High Resolution UPLC Analysis of 2-AB Labelled Glycans

September 1, 2009

The Application Notebook

The Application Notebook, The Application Notebook-09-01-2009, Volume 0, Issue 0

Glycosylation is a post-translational modification process that can significantly affect the biological properties of therapeutic proteins.

Glycosylation is a post-translational modification process that can significantly affect the biological properties of therapeutic proteins. The successful analysis of N- and O-linked glycan structures requires the ability to reproducibly resolve complex mixtures of isomeric oligosaccharides. Hydrophilic-interaction liquid chromatography (HILIC) is a powerful technique for separating a wide range of glycan structures. If the glycans have been labelled with a tag such as 2-amino benzamide (2-AB), the fluorescence can be monitored and used for relative quantification. The technique of Ultra Performance Liquid Chromatography (UPLC) is appropriate for such a difficult analytical problem. UPLC is based on the use of columns packed with very small particles and instruments optimized for use with these high resolution columns. The ACQUITY UPLC BEH Glycan column was specifically designed for use with Waters ACQUITY UPLC system. This analytical solution gives improved resolution, sensitivity, and speed compared to HPLC techniques.

Results

The first chromatogram shows the separation of N-linked oligosaccharides released from human IgG and labelled with 2-AB. This sample naturally includes a mixture of high mannose, complex, hybrid, and sialylated glycans. Because the mixture contains a wide range of glycan classes, this sample was chosen for use as the QC standard for developing and manufacturing this column. This test ensures reproducible selectivity and resolution.

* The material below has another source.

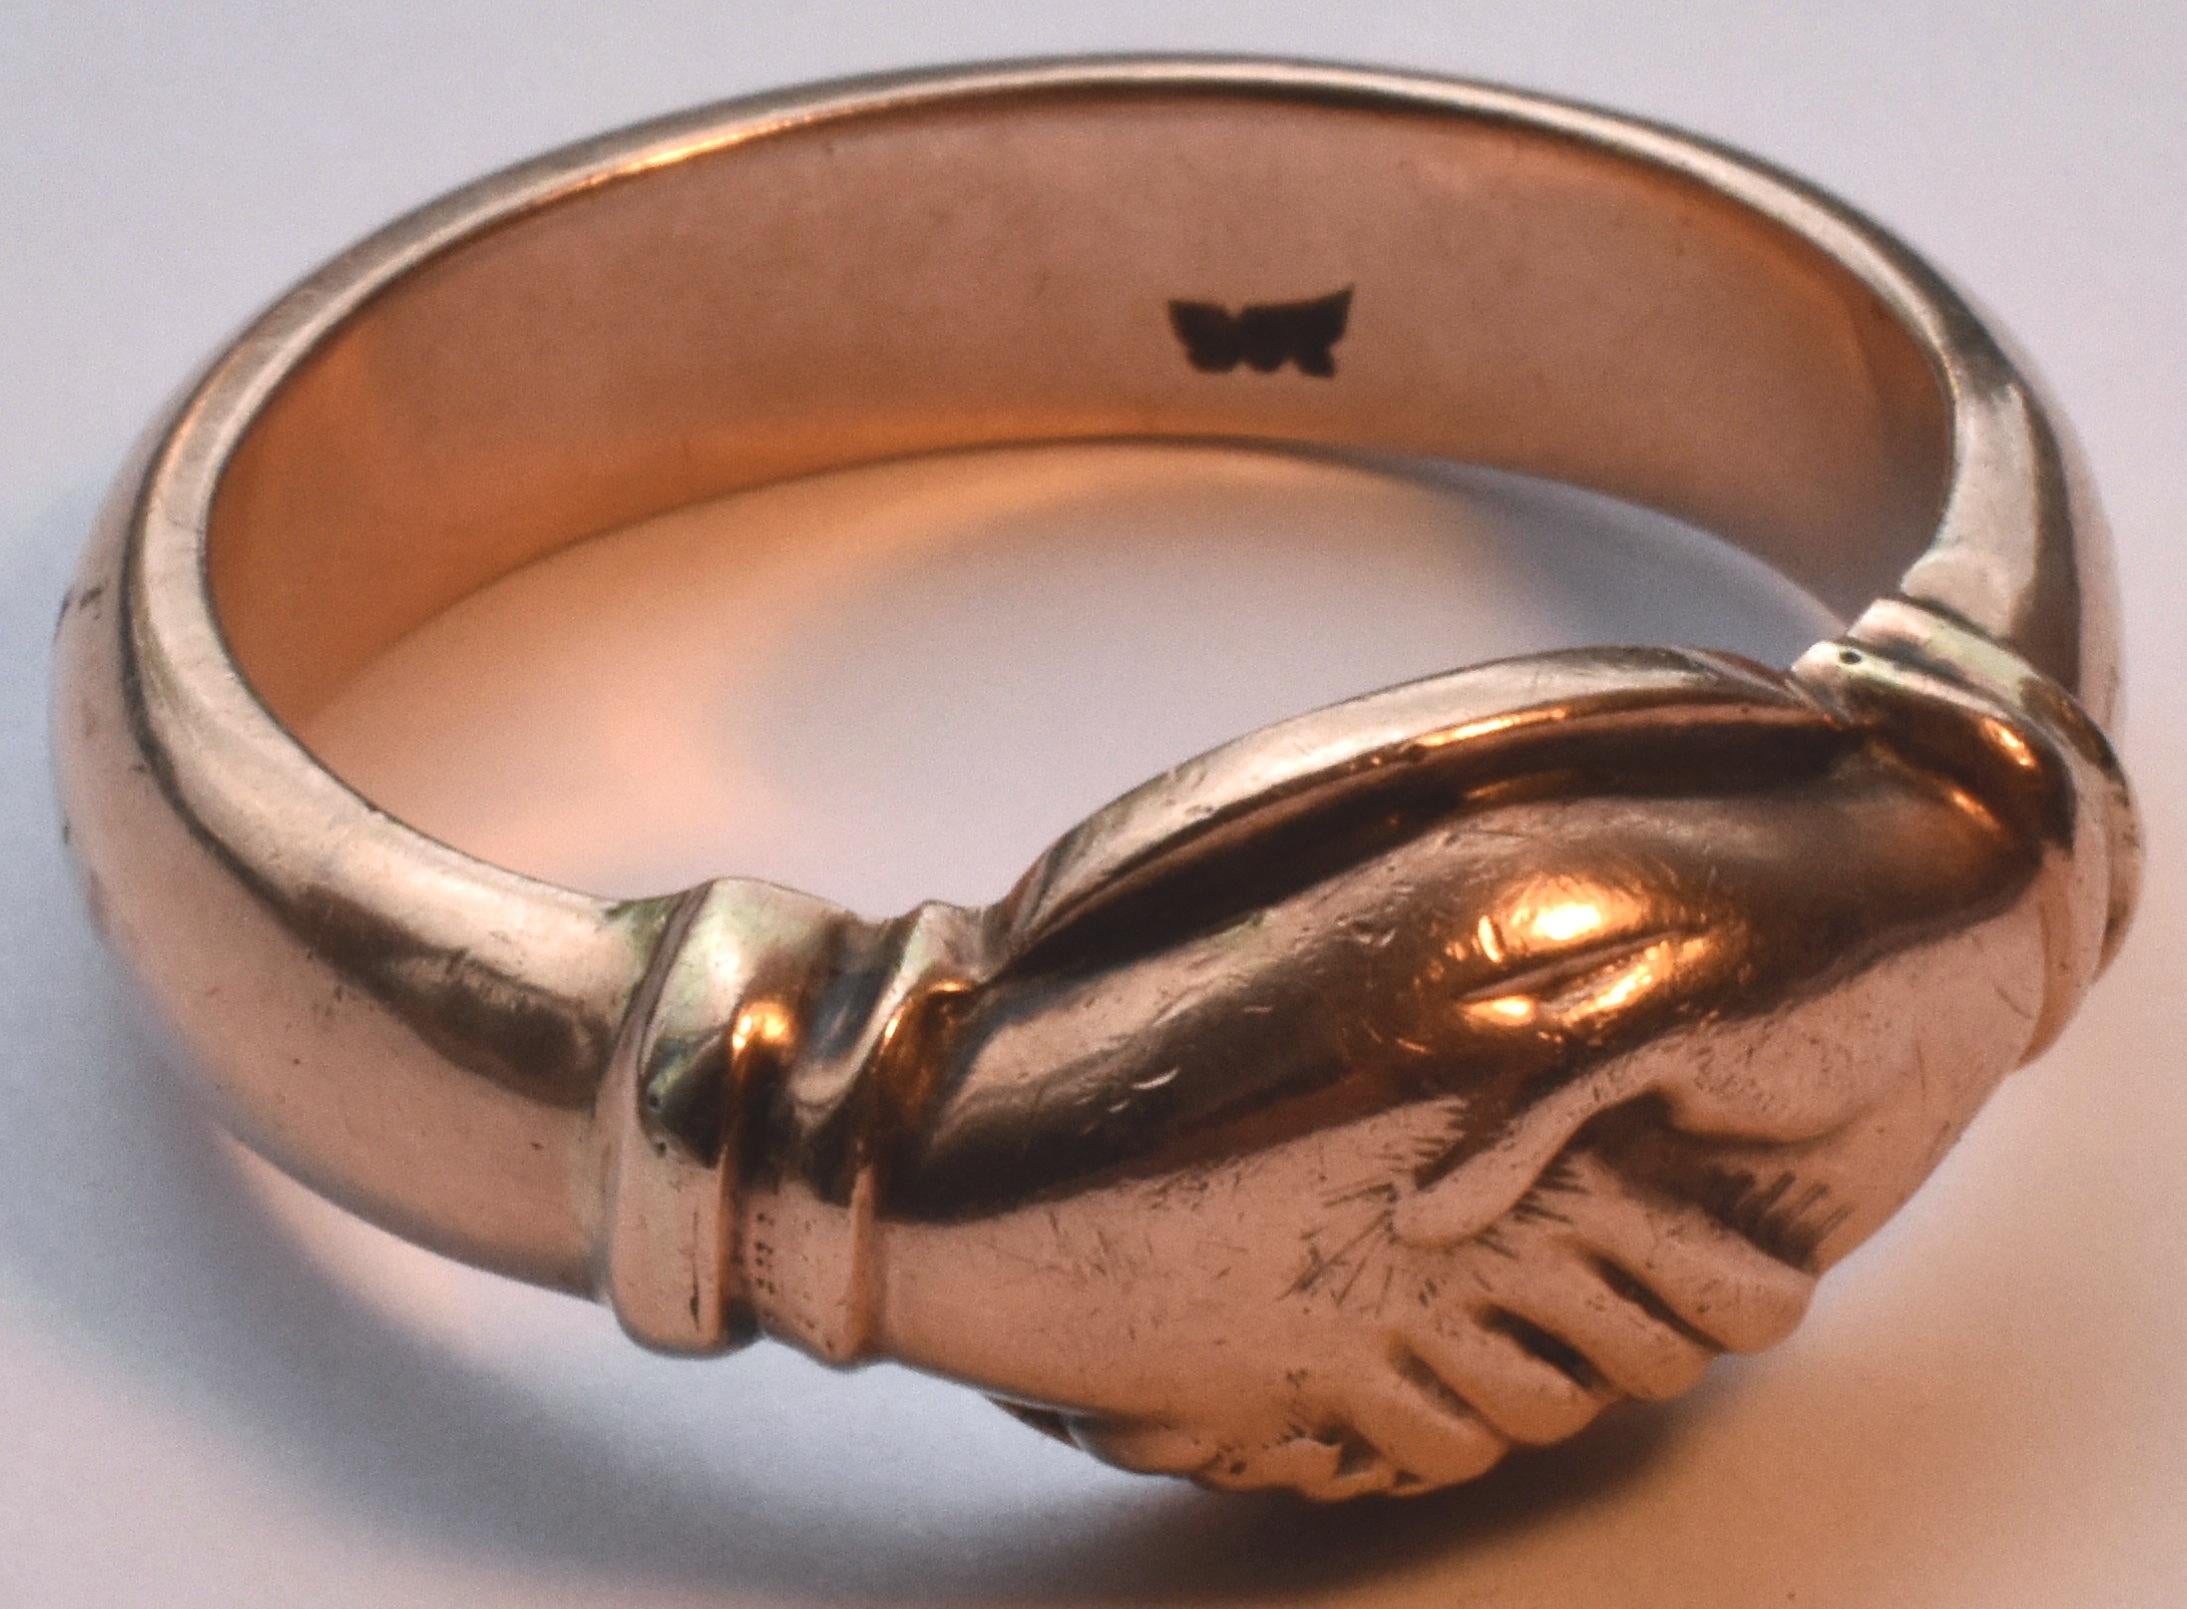 Wunderschöner Fede-Ring aus 9 K Roségold mit zwei in Freundschaft oder Verlobung verschränkten Händen. Fede, italienisch für

Figure 1: The N-linked glycans from pooled human IgG include high mannose, neutral, and sialylated complex structures. The chromatogram shows 35 min of a 1 h run.

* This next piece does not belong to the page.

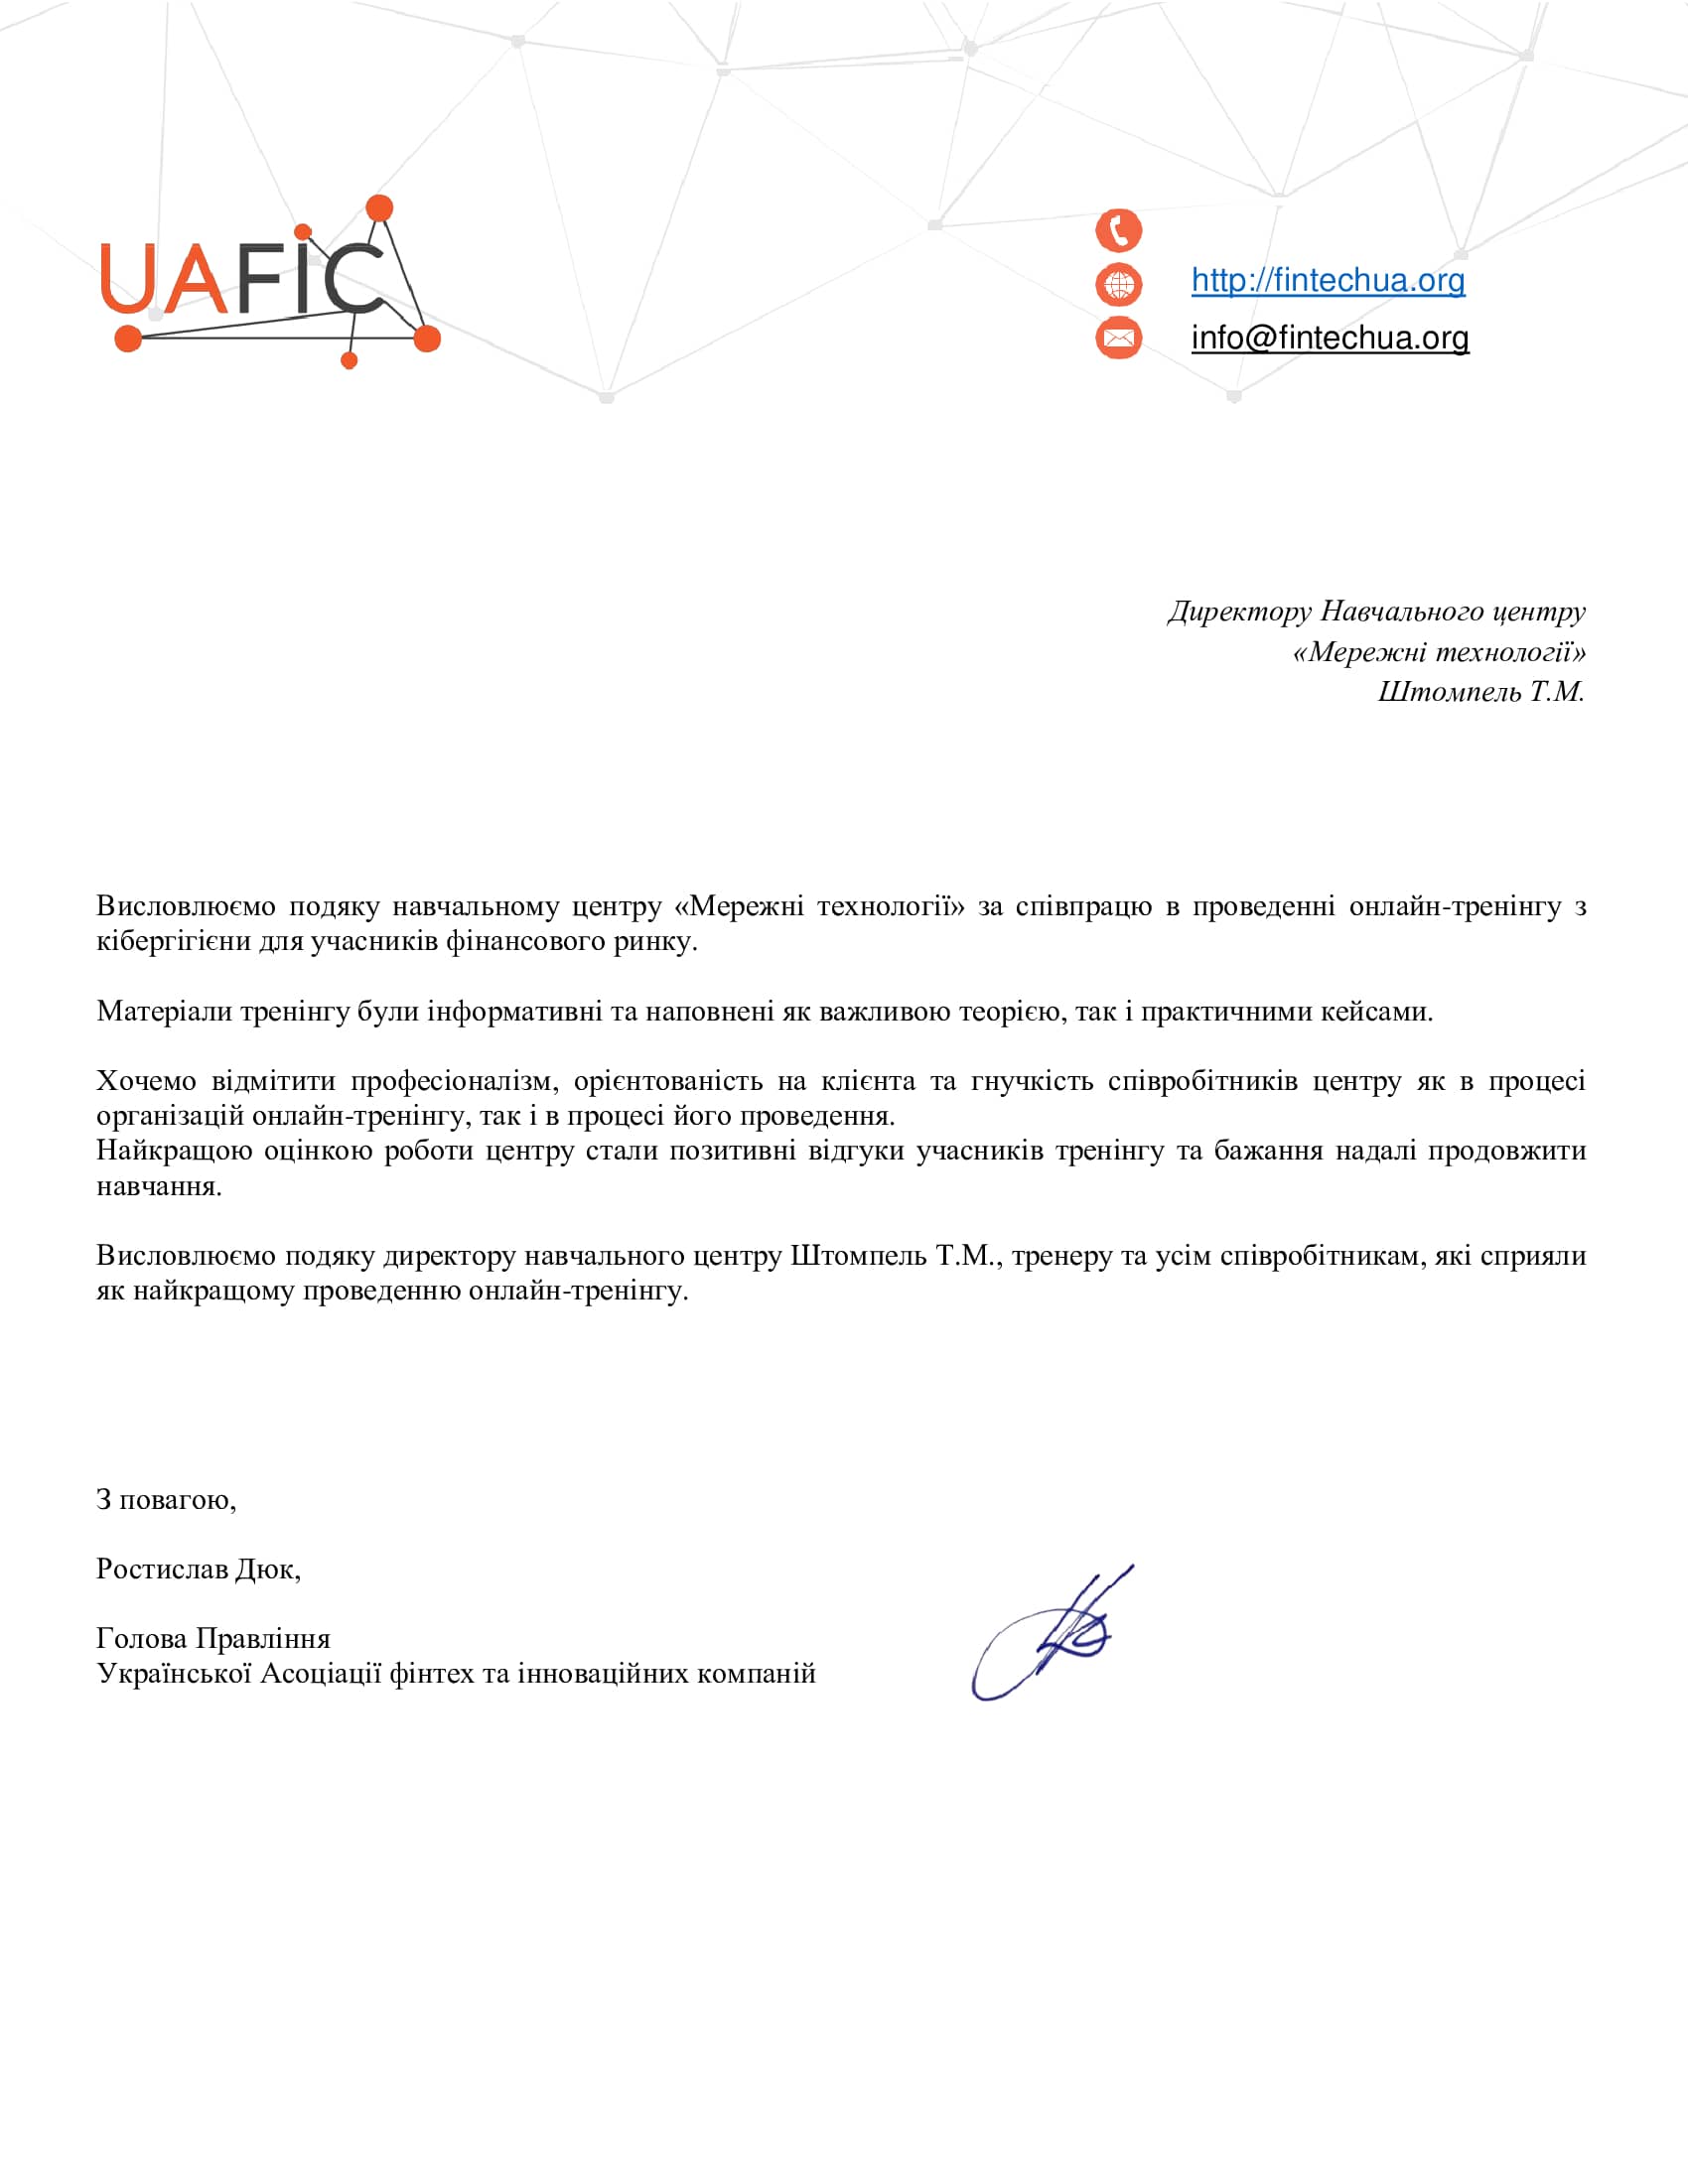 Відгук UAFIC - FinTech Ukraine про НЦ Мережні Технології

The chromatographic separation of all of the major oligosaccharides in the mixture, G0F, G1F, G2F, and sialylated G2F is shown. The resolution of the structure G0F (peak 2) from the structure Man5 (peak 3) is particularly important. The two isomers of G1F are also completely resolved and the significance of their relative abundance may now be investigated.

Figure 2: Analysis of 2-AB (Bovine Fetuin N-linked glycan library). Highlighted(*) are multiple peaks with a single molecular weight corresponding to disialylated biantennary glycans.

The second chromatogram shows the separation of glycans released from bovine fetuin. These oligosaccharides include differing numbers of branch antennae and differing numbers of charged, acidic sialic acid termini. A challenging pair of isomers that are resolved (*) are triantennary glycans with two sialic acid residues and they elute at 41.4 and 43.1 min.

Conclusion

Glycan separation technology columns, when operated with the ACQUITY UPLC instrument and FLR detector provide a highly-resolving, reproducible, rapid method for profiling glycans. The improved analysis provides more certain identification and reliable quantification.